A. 860/90,000 B. 810/100,000 C. 858/100,000 D. 860/100,000 E. 1530/100,000
I see that (9*9*1*1*1)5C3 is a popular answer method. I agree with this approach, but i was wondering, since permutation is choosing and arranging, 'why not permutation?'. I must be wrong here and i'd really like to know where/ how. I did read all the other explanations. The repetition approach(5!/3!) looked good too. But i did not understand why a few of em used the probability approach (10*1/10*1/10....). What would your process for this be?

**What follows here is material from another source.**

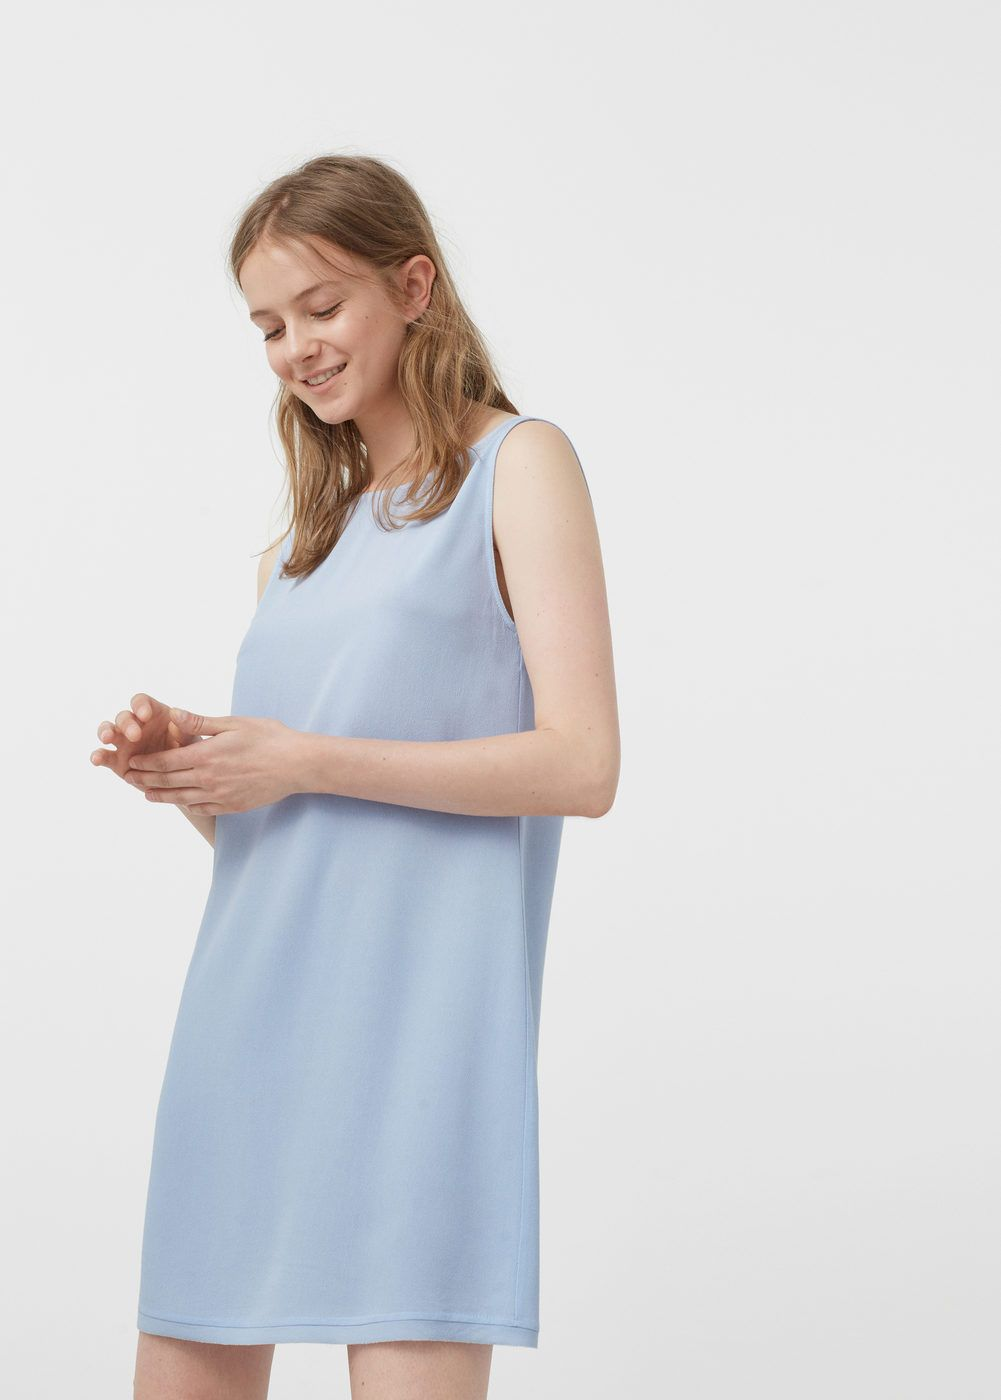 304a2940d Vestido fluido - Vestidos de Mujer | MANGO España Todo Fluye, Cuello Redondo,  Tirantes

Responding to a pm: Permutation is choosing and arranging  correct! But you need to know what you are arranging. Permutation (written as nPr) implies choose r things out of n and then arrange the r things among themselves. Say you select 3 chocolates out of 5 to give as prizes in a game and then arrange the 3 selected chocolates in three spots  first, second and third. The one who stands first, gets the first chocolate and so on. So if you use permutation here, you are selecting 3 spots where you will put 6 and then arranging them in 3! ways. What we actually need to do is select 3 spots out of 5 and put 6 in them. We have to then select 2 digits for the leftover 2 spots, wherever they are! Hence we select the three spots in 5C3 ways and then choose a digit for the remaining two places in 9*9 ways. Probability approach: There are 5 spots ___ ___ ___ ___ ___ What is the probability that the number looks like 6N6N6? (1/10)*(9/10)*(1/10)*(9/10)*(1/10) N is any number other than 6. What is the probability that the number looks like N66N6? (9/10)*(1/10)*(1/10)*(9/10)*(1/10) Similarly there are many other ways of making the password with three 6s. You need to add all some probabilities. The probability in each case will be \((1/10)^3 * (9/10)^2\). How many such distinct cases will be there? It depends on the number of ways in which you can arrange the 6s and Ns = 5!/3!*2! = 10 Total probability \(= 10*(1/10)^3 * (9/10)^2. = 810/10^5\)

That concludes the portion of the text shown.